第78章 亲戚   温浓怎么越听越像鸿门宴?
  温浓怎么也没想到, 一只普普通通的玉手镯竟还能让她与声名显赫的忠国公府攀上关系。
  起因是郭常溪在宫里确定过温浓正是手镯主人之后,回家之后他第一时间找出那只手镯打包起来,打算找个机会托付信得过的熟人给温浓捎进宫里。
  哪知这事被他身边嘴碎的随从得知, 误以为郭常溪在宫中养病期间结交了什么红颜知己, 转头立刻就把事情向上禀报了出去。
  可想而之,郭常溪在宫里处了相好女子这事很快惊动家中长辈。
  作为各方面条件优越的长房嫡子嫡孙,他是京城首府最为炙手可热的金龟婿,他的婚事更是忠国公府的头等大事。然而郭常溪君子自律,不说不近女色,就连家里要给他安排亲事,他也总是不咸不淡的冷漠作派。
  从前郭关两家交好, 郭家相中关家嫡女关若虹,有意促成两家亲事,顺利的话也就这么一年半载的光景。哪成想临到头来关家出了那等糗事, 关家的姑娘他们郭家是绝计不会再要的, 这就导致郭常溪的媳妇又成了空, 他的婚事也随着变得没着没落了起来。
  依郭常溪的条件, 其实根本不愁没有好人家的姑娘愿意嫁。关郭两家婚事告吹之后, 郭家早就暗中物色新的人家,各家好闺女的画轴堆得满桌都是, 就等着郭常溪出宫回来好好瞧瞧, 可郭常溪回来瞧都不瞧, 直接就往角落里堆,险些愁坏了家里的长辈。
  哪知家里的长辈愁白了头, 那边立马传来坏消息。
  在长辈们看来,甭管宫里的相好什么条件,就算出身卑微了些, 只要能挑起郭常溪的兴趣,那么至少也算迈出一步。可问题就在于关若虹在宫里闹出来糗事人尽皆知,就连宫外的人皆有所耳闻,知道关若虹之所以这么闹,是为了郭常溪与宫里的什么女人争风吃醋。

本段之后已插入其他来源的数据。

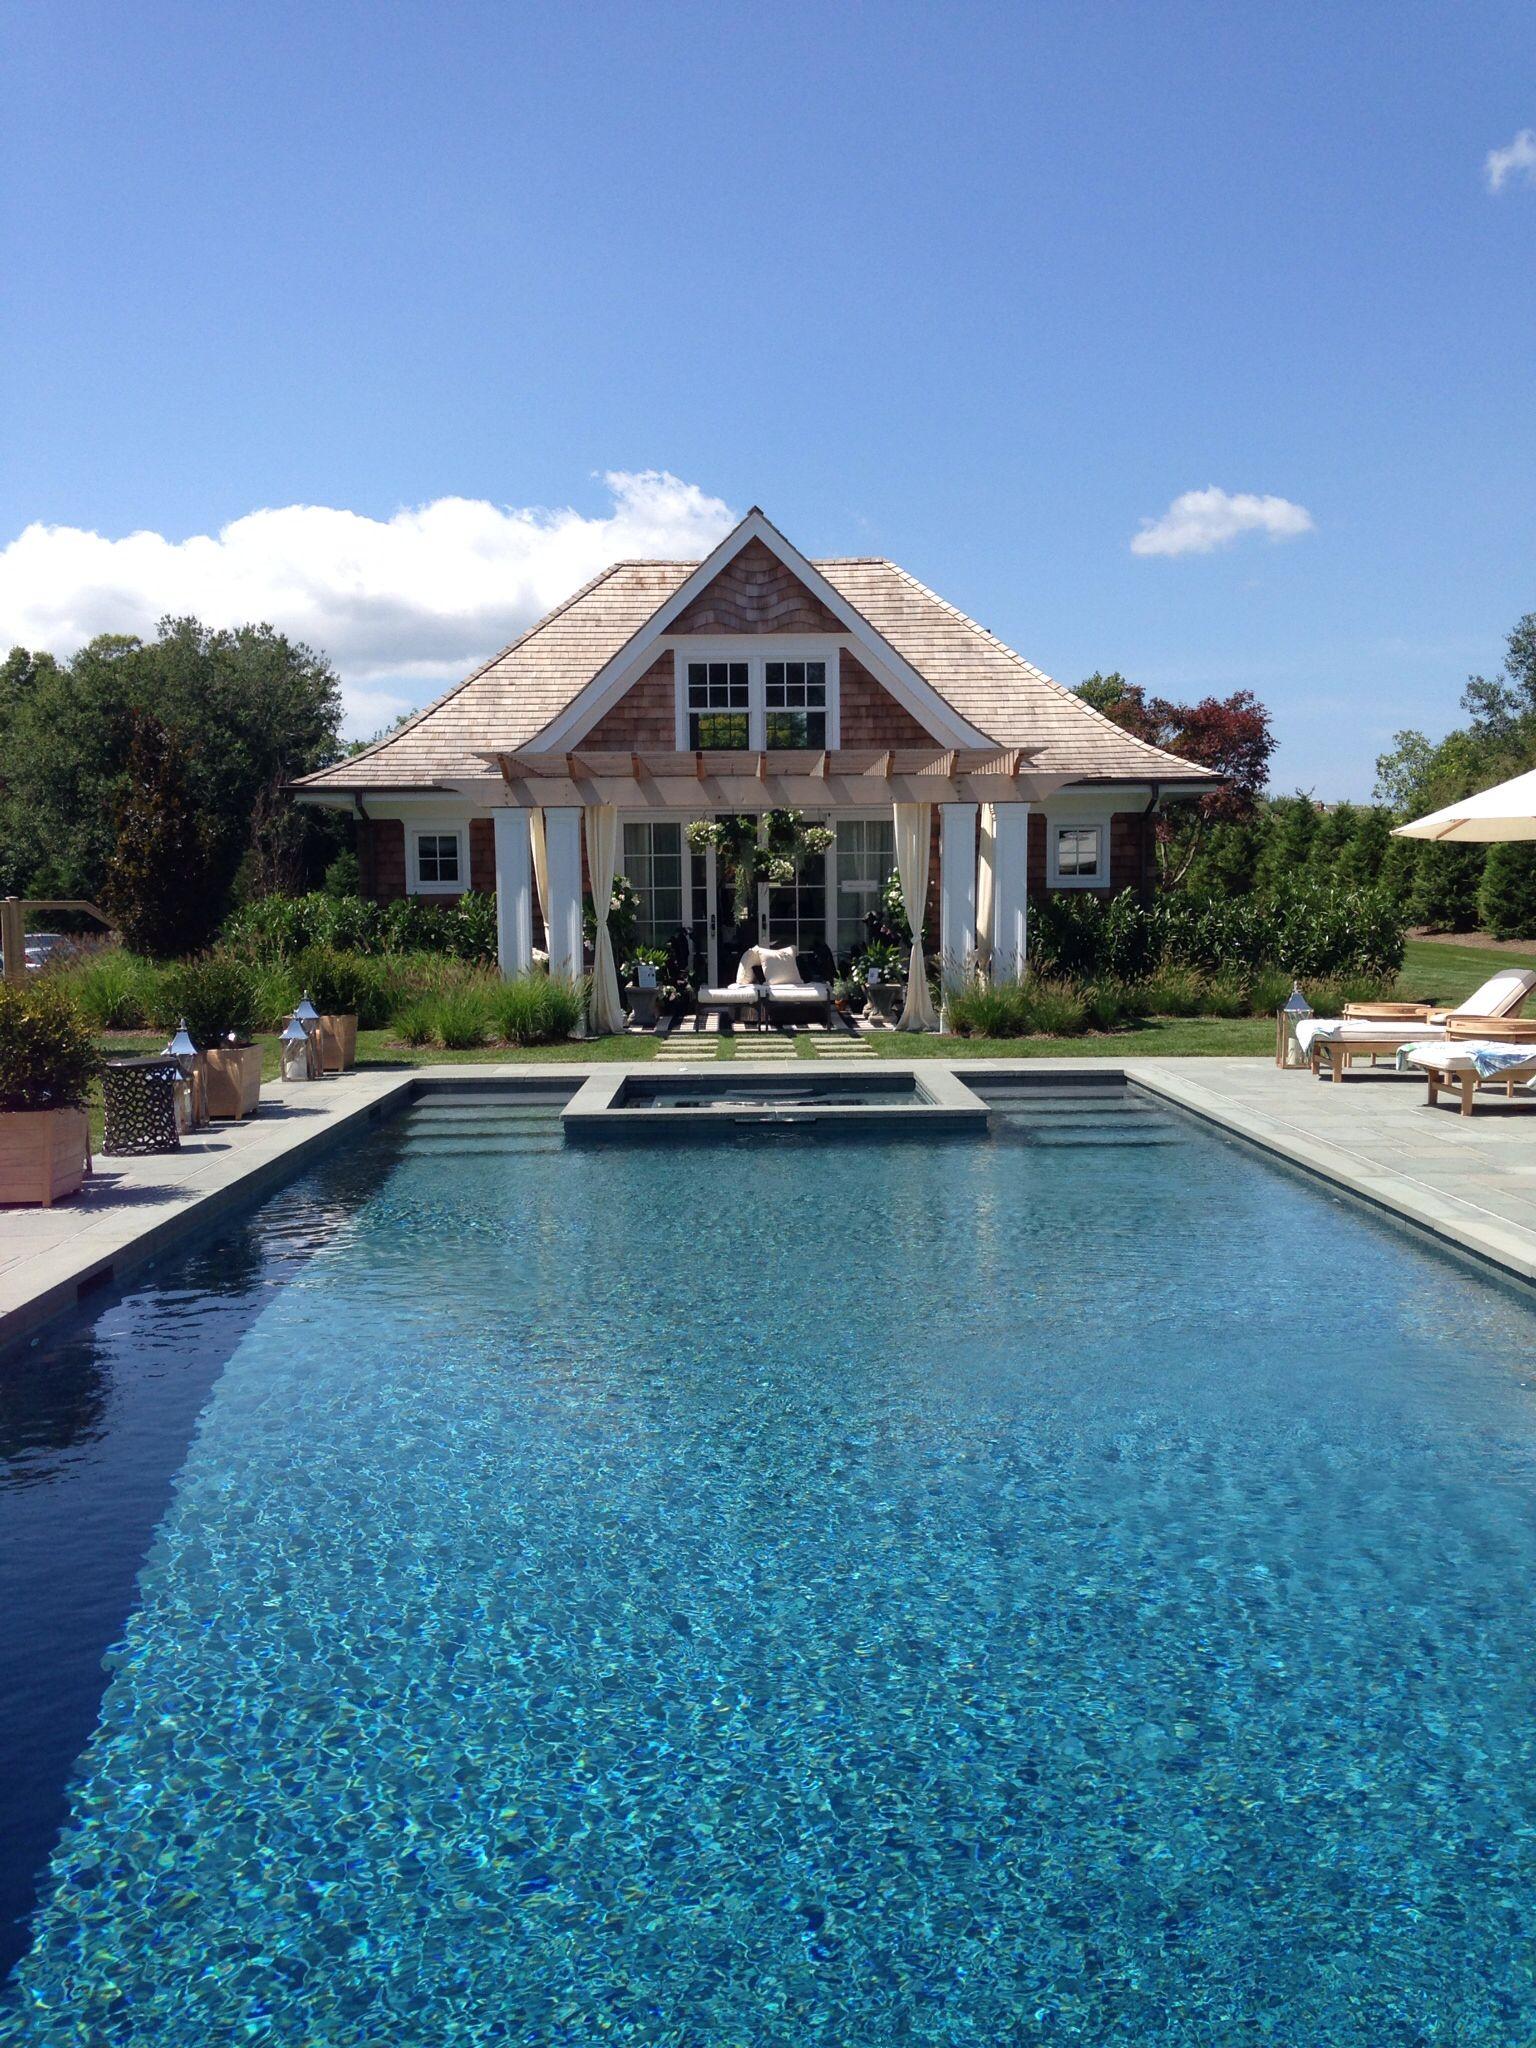 #poolhouse #outdoordesign #hamptondesignershowhouse

  这若是寻常宫女倒也罢,他们偌大的忠国公府还不至于连要个小宫女的底气都没有,可问题是这名宫女的来路不简单,她是信王的女人!
  郭常溪怎么也没想到,一只普普通通的玉手镯引发忠国公府轩然大波,所有人都误以为他与温浓有私情,手镯就是定情信物。
  迫于家中长辈的压力,郭常溪这才不得不将手镯取出来与家人当面对质,澄清他与温浓的关系,解开这场乌龙造就的误会。
  谁也没想到的是,手镯的出现不仅没能平息风波,反而牵起另一桩事。
  “我娘说这手镯是她一个远房表亲的传家信物,小时候她的姥姥、也就是我的太姥姥曾带她回老乡探亲时候见过,上面的纹理像活蔓藤,也是那么有规则的一圈圈,所以记得很深。”郭常溪顿声:“再加上听说你与我妹妹婉宁相貌极为相似,故而猜测很可能出自同一家人。”
  温浓皱眉:“你娘也姓邵?”
  “我娘姓郁。”郭常溪摸摸鼻梁,解释说:“听说两家已出五伏,所以我才说是远房表亲。”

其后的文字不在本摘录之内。